I tried to add the statement after the AND Checkout IS NULL like this:
AND Checkout IS NULL
AND MATCH(Attributes.Value) AGAINST("Nokia" IN BOOLEAN MODE)
I had to use the Attributes.Value instead of attributestrings because it didn't found the table. This only resulted in the CONCATENATED column Attributes only contained the value "Nokia", even if there where more to CONCATENATE.
I hope someone are willing to take on this challenge...
// Tank you.
[EDIT]
I tried to put in the WHERE before the GROUP as Tim Fultz sugested, but I get the error
Unknown column 'attributestrings.Value' in 'Where clause'
LEFT JOIN attributeintegers atci ON atci.itemid = i.idItems AND atci.key = 'Color' LEFT JOIN Strings tc ON tc.StringID = atci.value
WHERE MATCH(attributestrings.Value) AGAINST("Nokia Sony" IN BOOLEAN MODE)

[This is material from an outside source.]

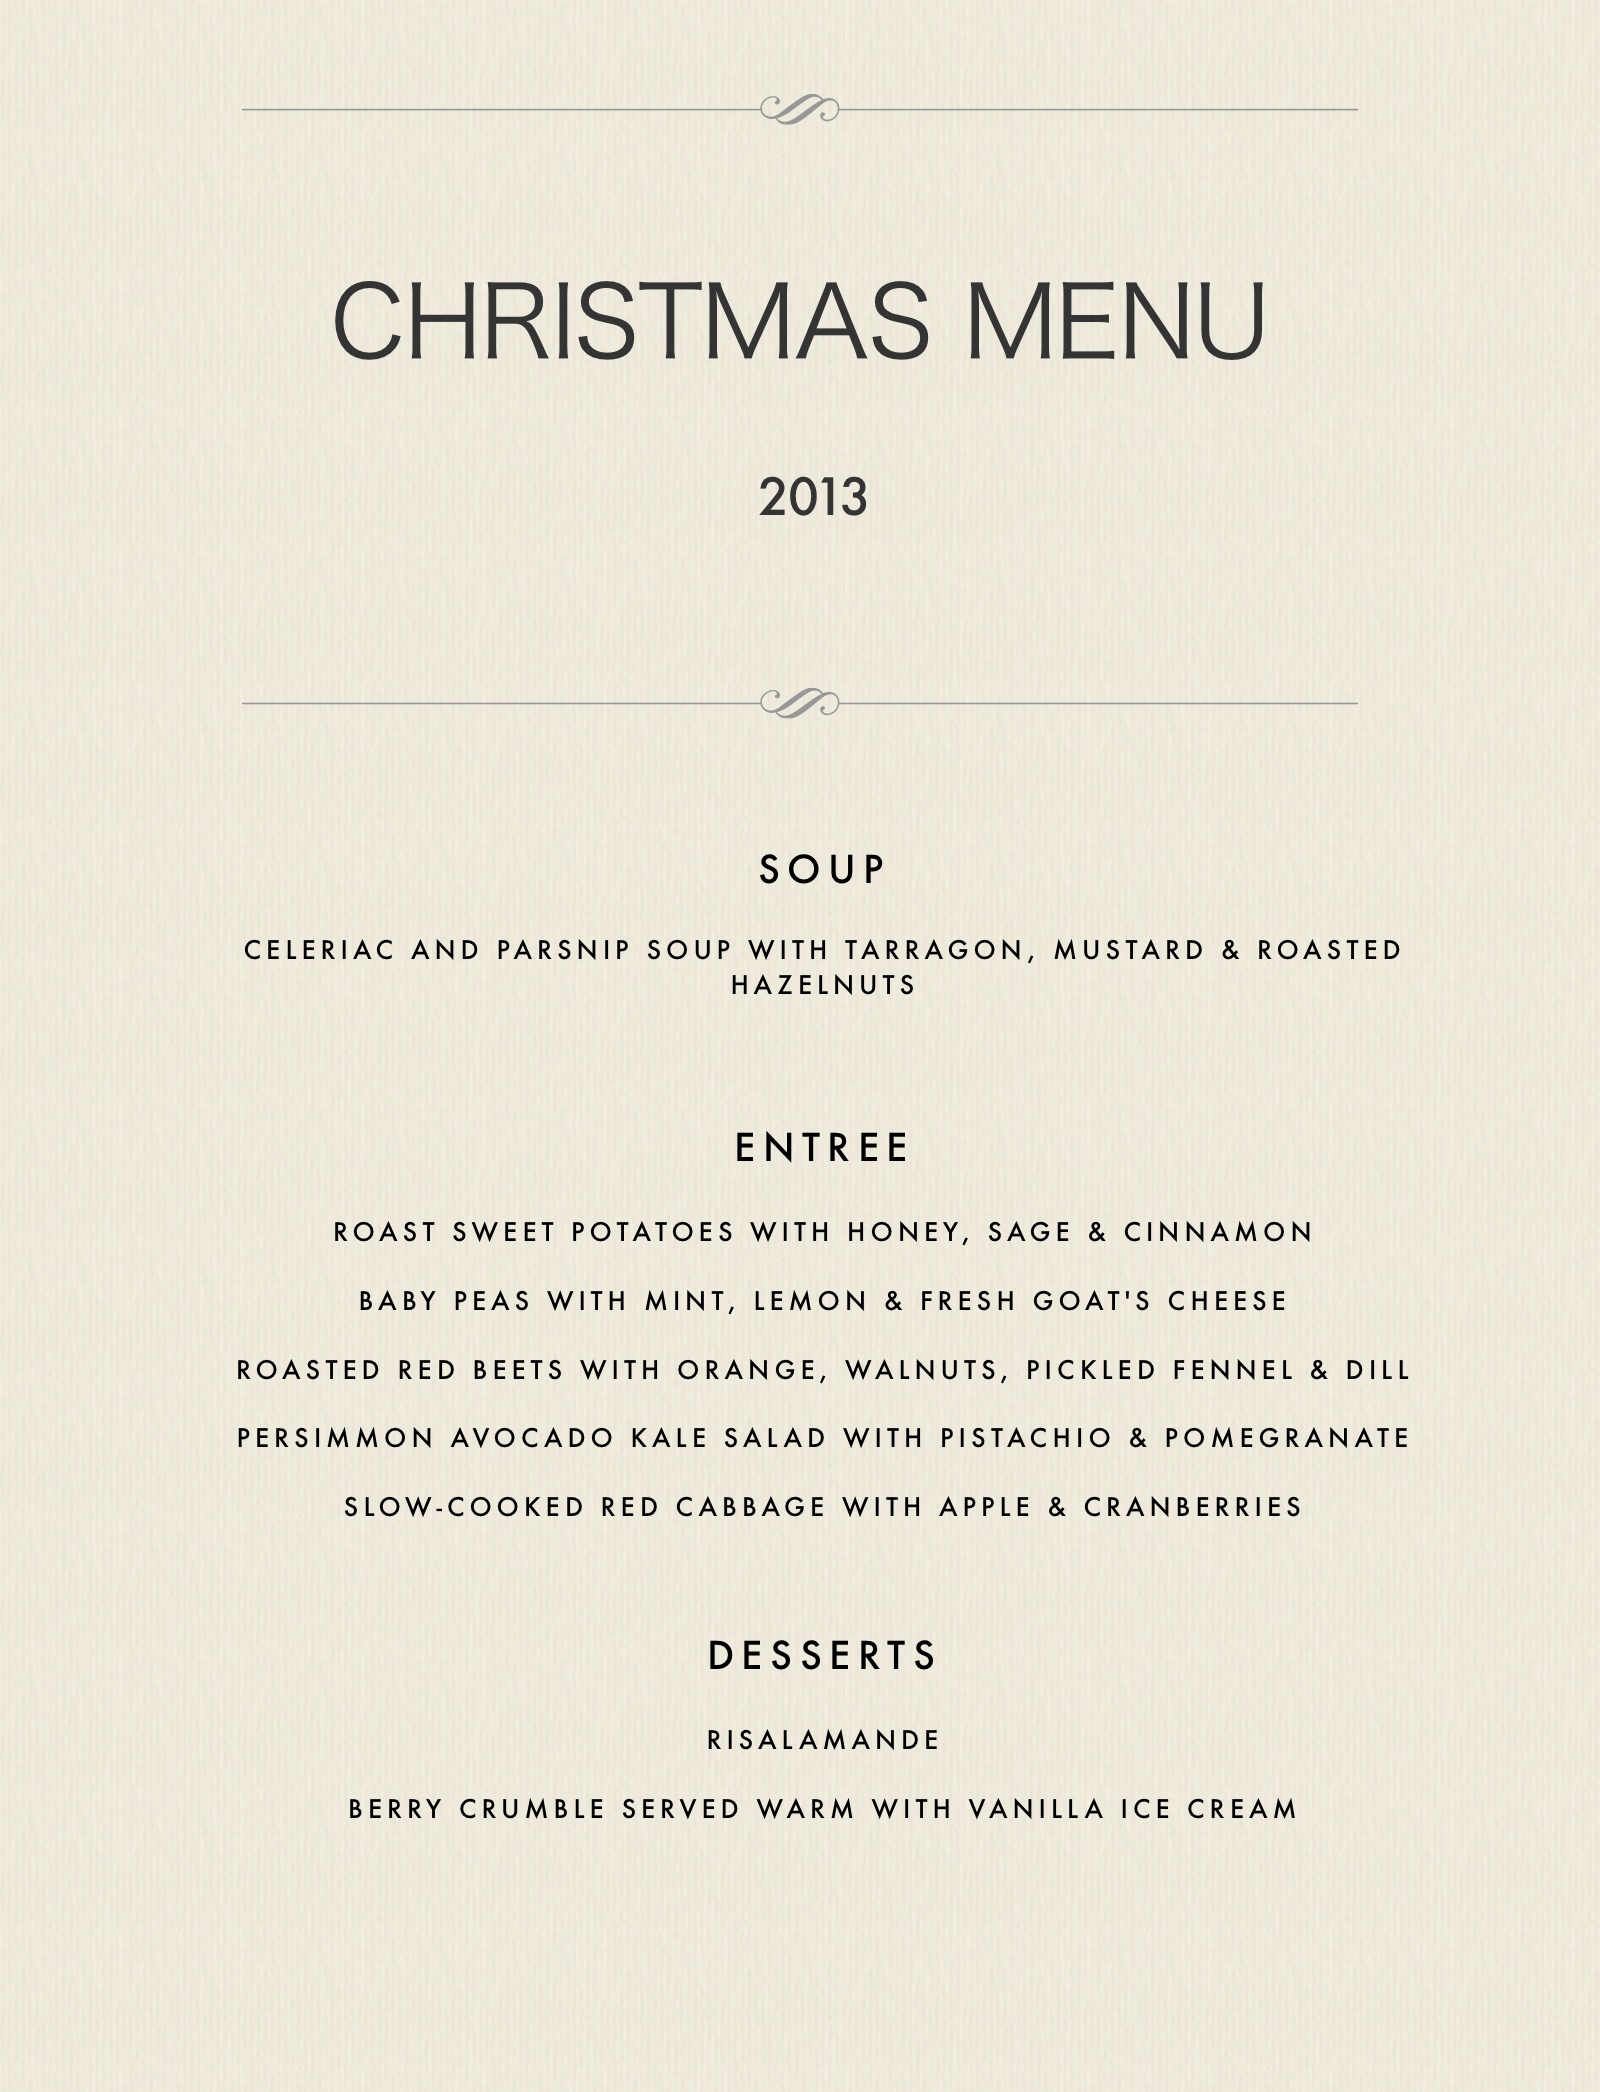 Christmas menu 2013
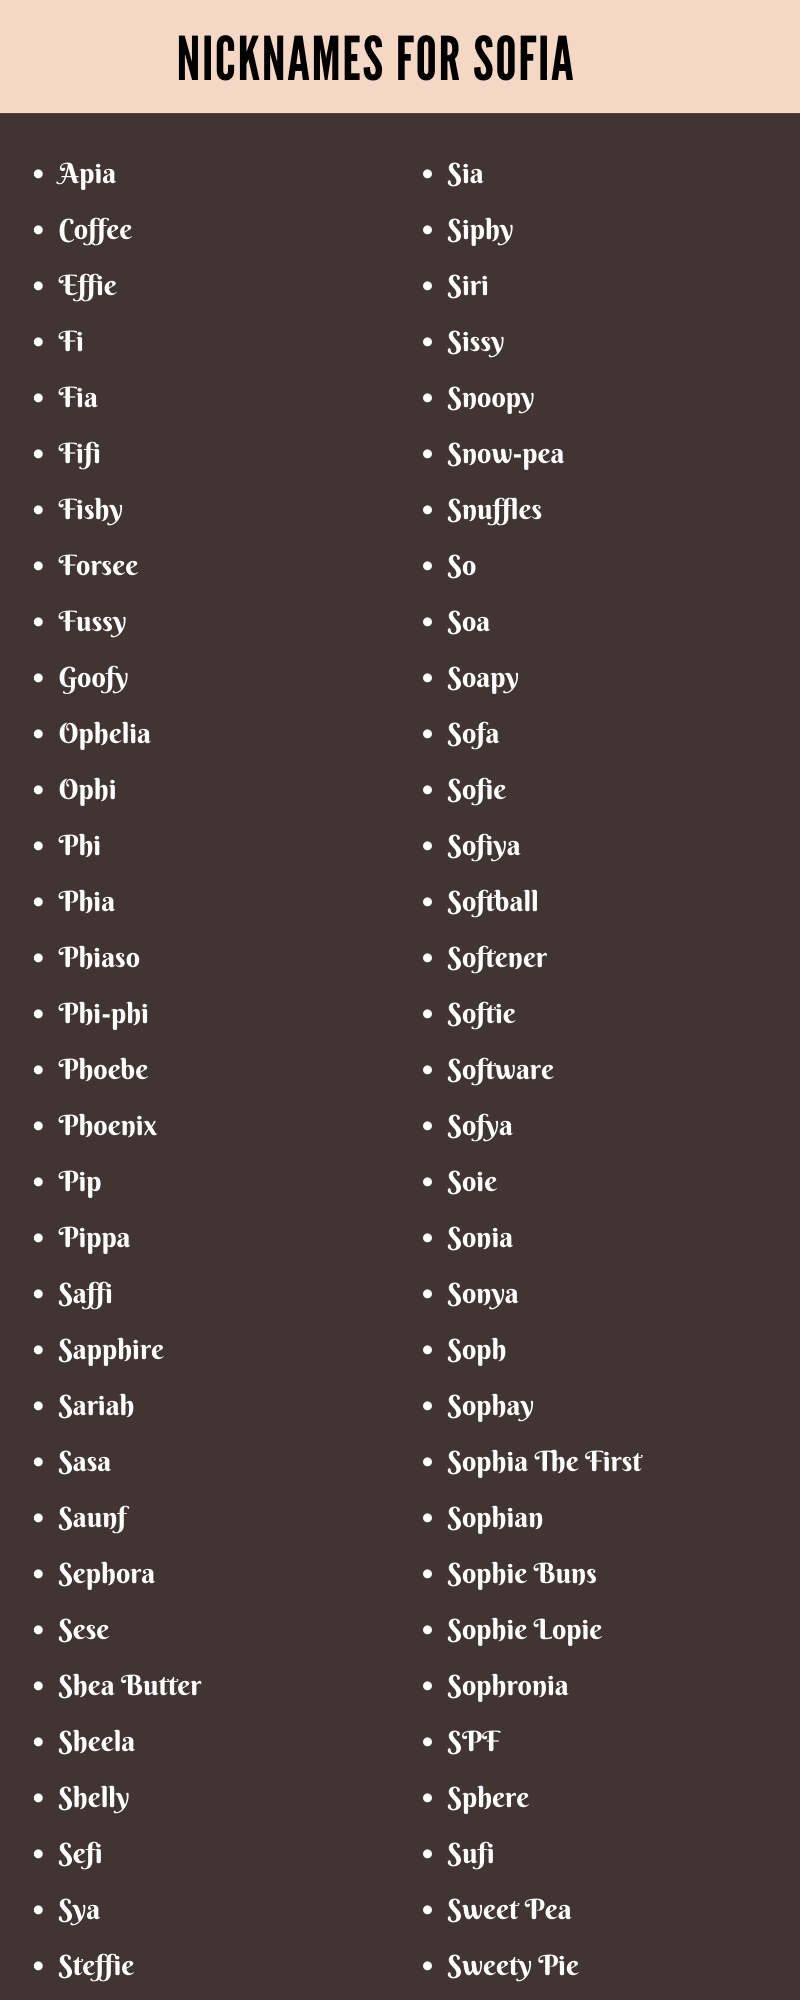 Nicknames for Sofia

GROUP BY Attributes.ItemID
Typically this is put in the Where clause:
WHERE MATCH(attributestrings.Value) AGAINST("Nokia" IN BOOLEAN MODE)
I think I came up with a solution...
I added another:
LEFT JOIN attributestrings fts ON fts.itemid = i.idItems AND MATCH(fts.Value) AGAINST("Nokia Sony" IN BOOLEAN MODE)
Just before the GROUP BY... and then included fts.Value ftsv in the main select statement. Now I could insert a HAVING ftsv IS NOT NULL between GROUP BY... and ORDER BY...
This gave me the result I wanted but the query starts to get a bit slow now...
There is a problem in your query when you are assigning table names with as use every where in you query the name you assigned. Like you gave attributestrings as ats now use ats everywhere and this will work.